2

I am training a doc2vec gensim model with txt file 'full_texts.txt' that contains ~1600 documents. Once I have trained the model, I wish to use similarity methods over words and sentences.

However, since this is my first time using gensim , I am unable to get a solution. If I want to look for similarity by words I try as mentioned below but I get an error that the word doesnt exist in the vocabulary and on the other question is how do I check similarity for entire documents? I have read a lot of questions around it, like this one and looked up documentation but still not sure what I am doing wrong.

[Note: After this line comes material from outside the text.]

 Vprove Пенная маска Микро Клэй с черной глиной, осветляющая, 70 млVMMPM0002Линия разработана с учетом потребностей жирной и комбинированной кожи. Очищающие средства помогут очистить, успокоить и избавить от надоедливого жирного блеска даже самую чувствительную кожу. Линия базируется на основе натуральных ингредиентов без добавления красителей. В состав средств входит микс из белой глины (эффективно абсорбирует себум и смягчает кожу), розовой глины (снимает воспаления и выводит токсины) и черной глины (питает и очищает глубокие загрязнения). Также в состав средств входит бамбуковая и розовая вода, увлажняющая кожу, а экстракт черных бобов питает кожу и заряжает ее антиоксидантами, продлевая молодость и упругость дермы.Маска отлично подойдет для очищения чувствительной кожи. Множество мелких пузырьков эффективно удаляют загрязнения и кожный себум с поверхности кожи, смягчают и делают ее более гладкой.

from gensim.models import Doc2Vec
from gensim.models.doc2vec import TaggedLineDocument
from gensim.models.doc2vec import TaggedDocument

tagdocs = TaggedLineDocument('full_texts.txt')
d2v_mod = Doc2Vec(min_count=3,vector_size = 200, workers = 2, window = 5, epochs = 30,dm=0,dbow_words=1,seed=42)
d2v_mod.build_vocab(tagdocs)
d2v_mod.train(tagdocs,total_examples=d2v_mod.corpus_count,epochs=20)

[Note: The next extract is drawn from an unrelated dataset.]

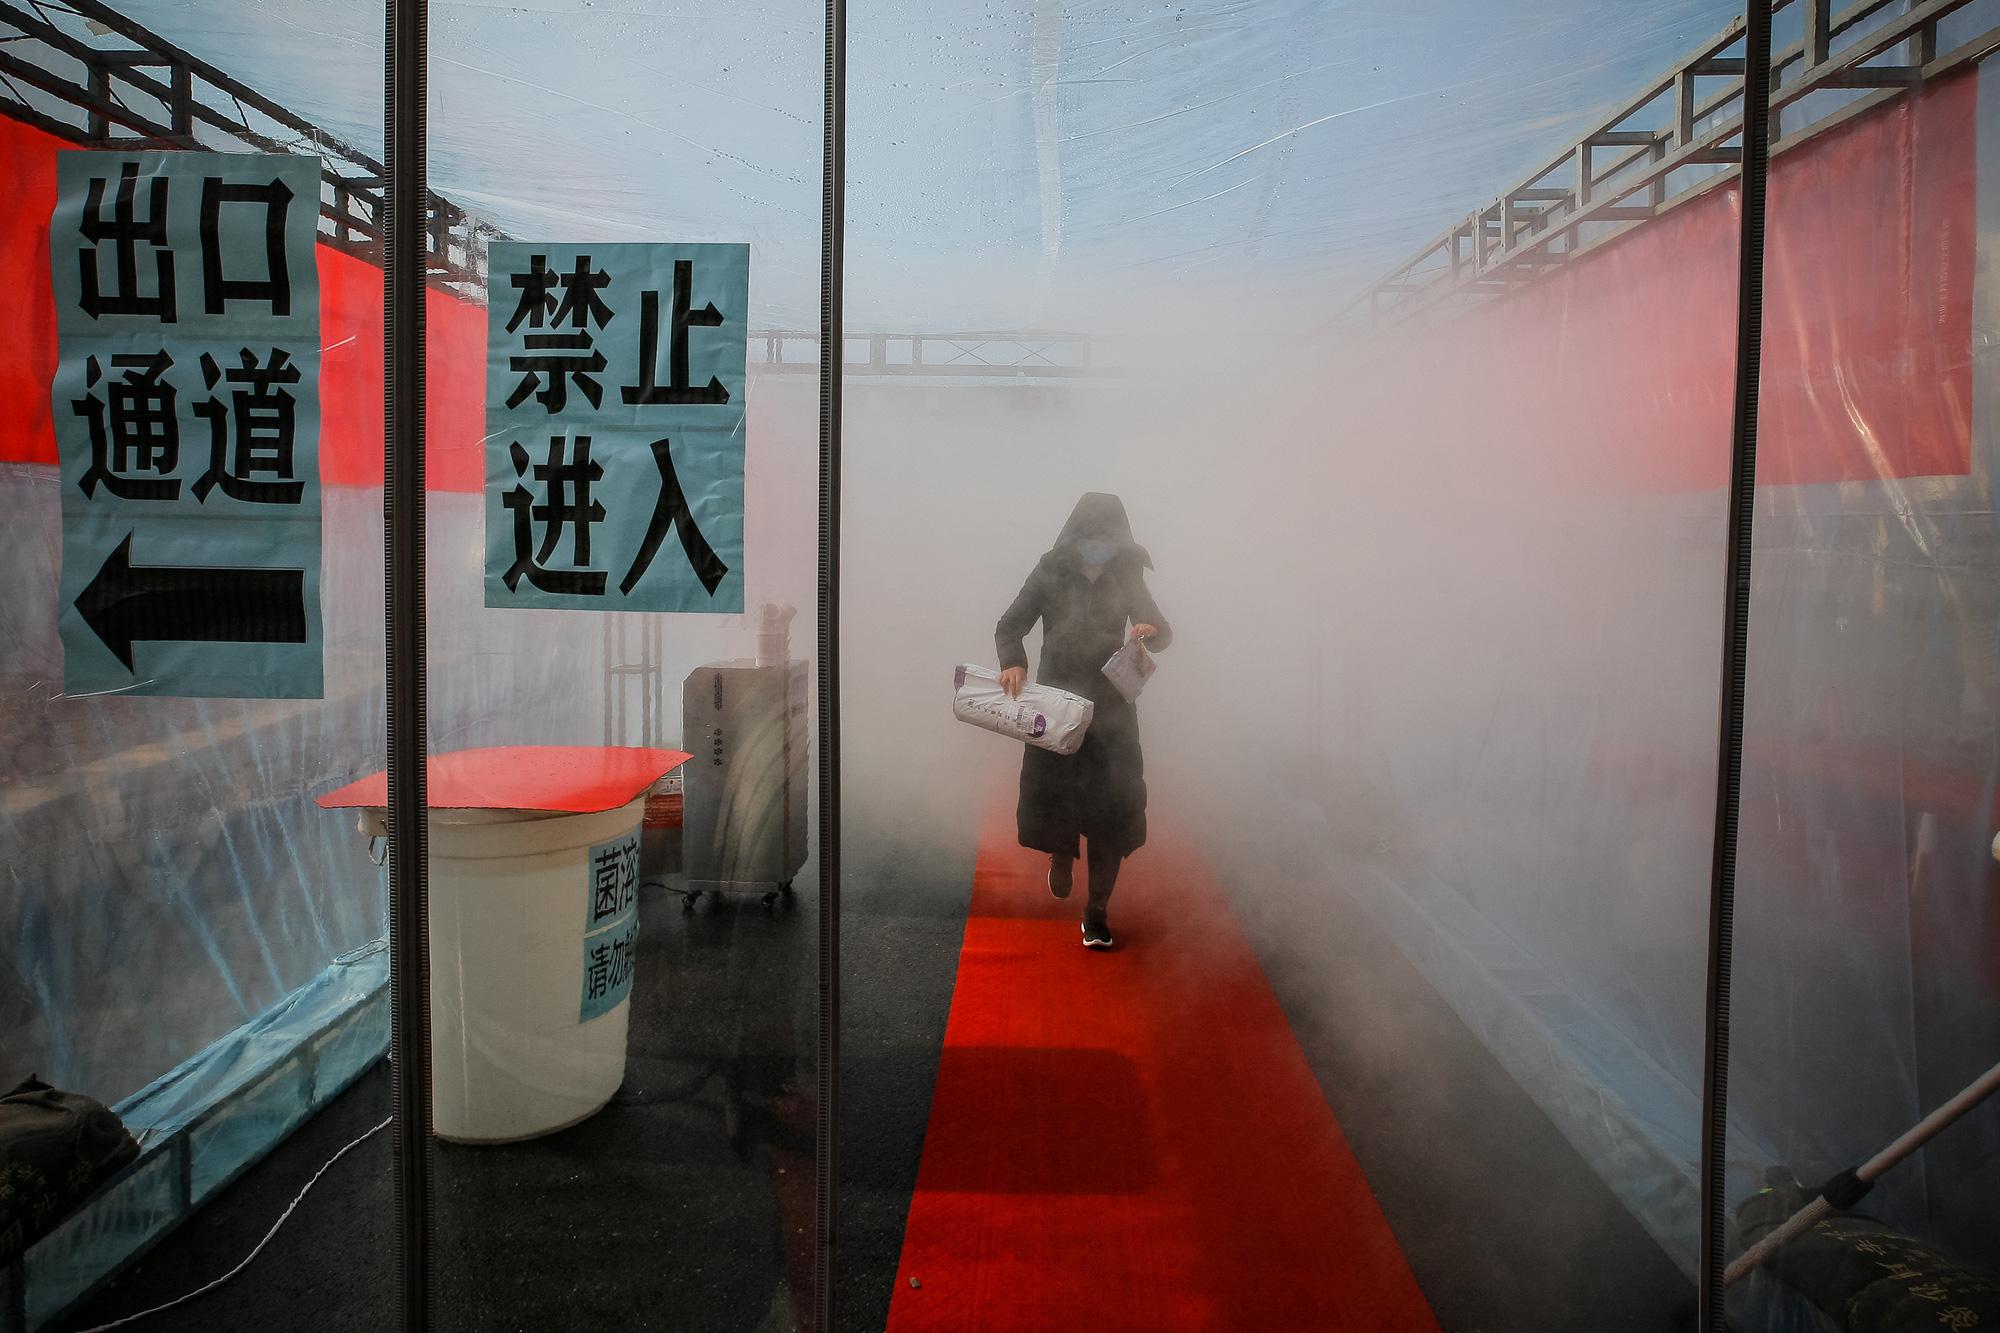 [eMagazine] - Toàn cảnh về dịch bệnh virus Vũ Hán và con số 1.355 người chết - Ảnh 7.

d2v_mod.wv.similar_by_word('overdraft',topn=10)
KeyError: "word 'overdraft' not in vocabulary"
Shoaibkhanz
  • 1,942
  • 3
  • 24
  • 41

1 Answers1

3

Are you sure 'overdraft' appears at least min_count=3 times in your corpus? (For example, what does grep -c " overdraft " full_texts.txt return?)

(Note also that 1600 docs is a very-small corpus for Doc2Vec purposes; published work typically uses at least tens-of-thousands of docs, and often millions.)

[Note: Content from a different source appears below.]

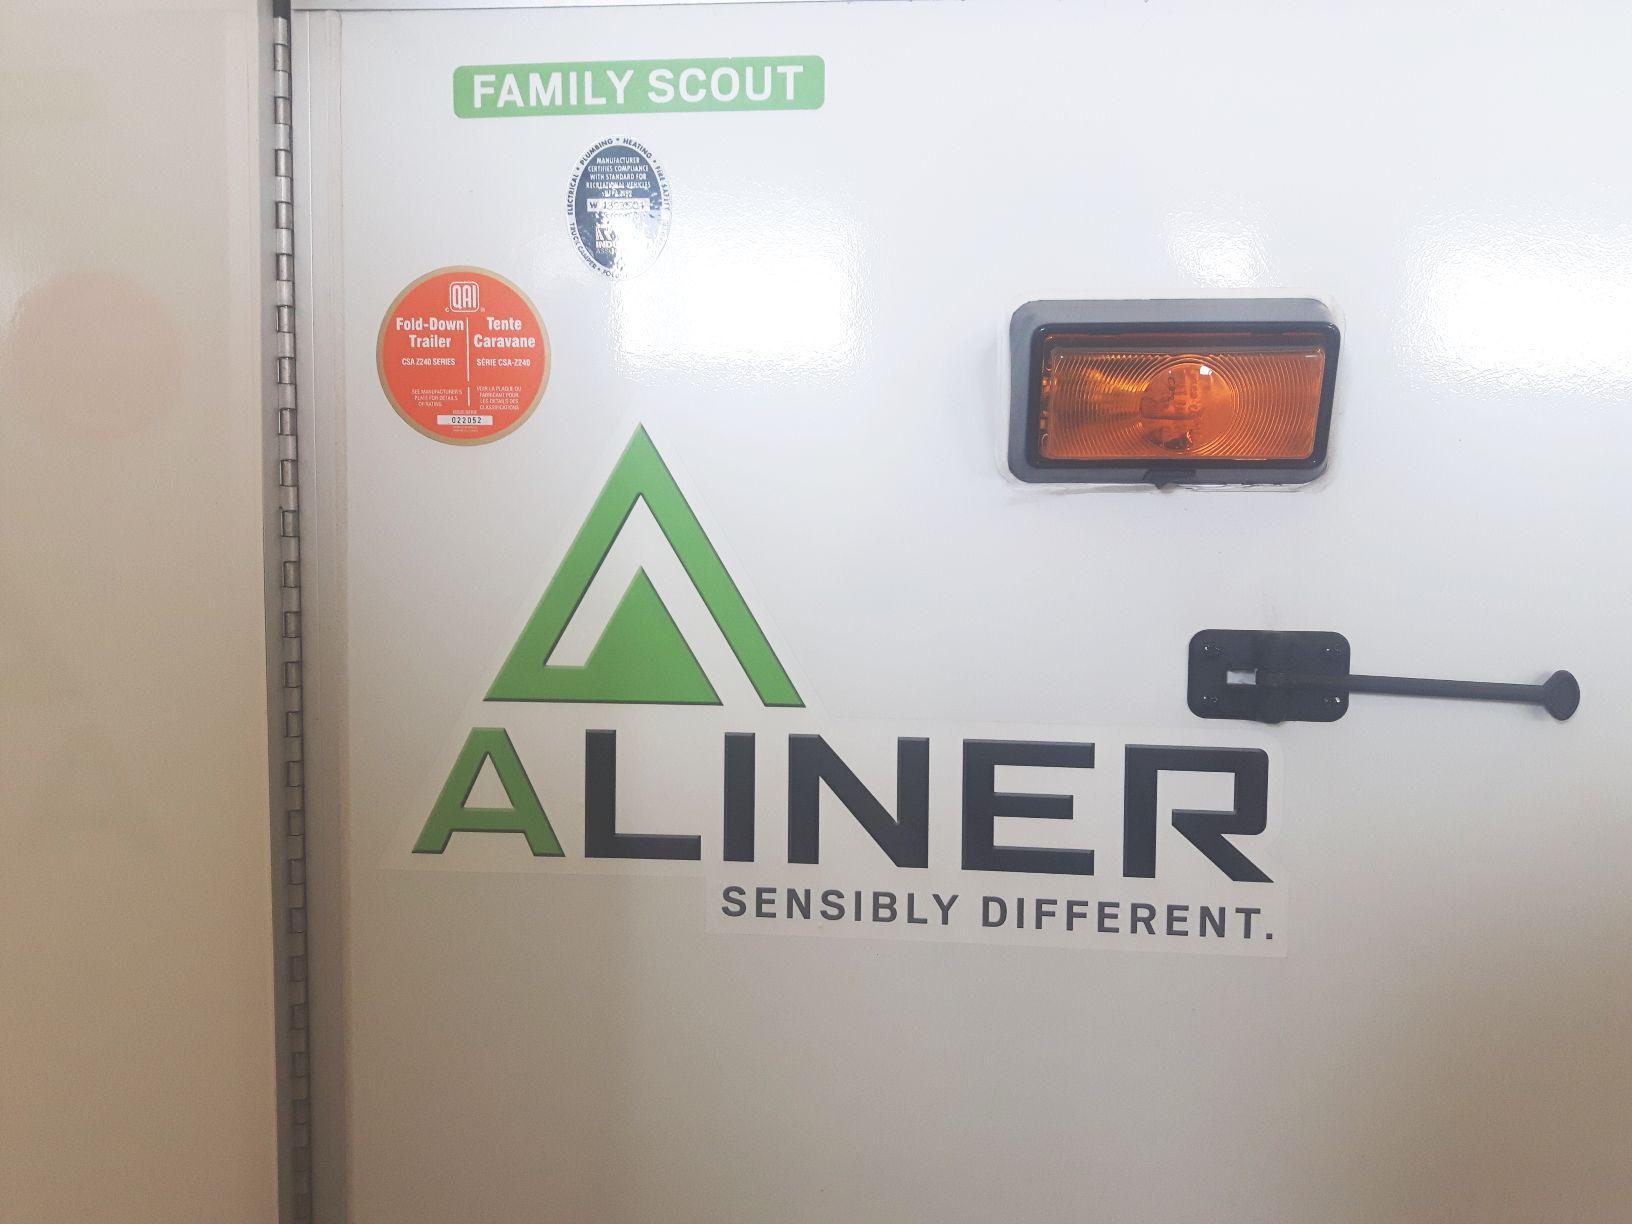 https://0901.nccdn.net/4_2/000/000/038/2d3/Aliner-Family-Scout-2020--13--1632x1224.jpg

In general, if concerned about getting basic functionality working, good ideas are to:

  • follow trustworthy examples - the gensim docs/notebooks directory includes several Jupyter/IPython notebooks demonstrating doc2vec functionality, including the minimal intro doc2vec-lee.ipynb, also viewable online (but it's best to run locally so you can tinker with specifics to learn)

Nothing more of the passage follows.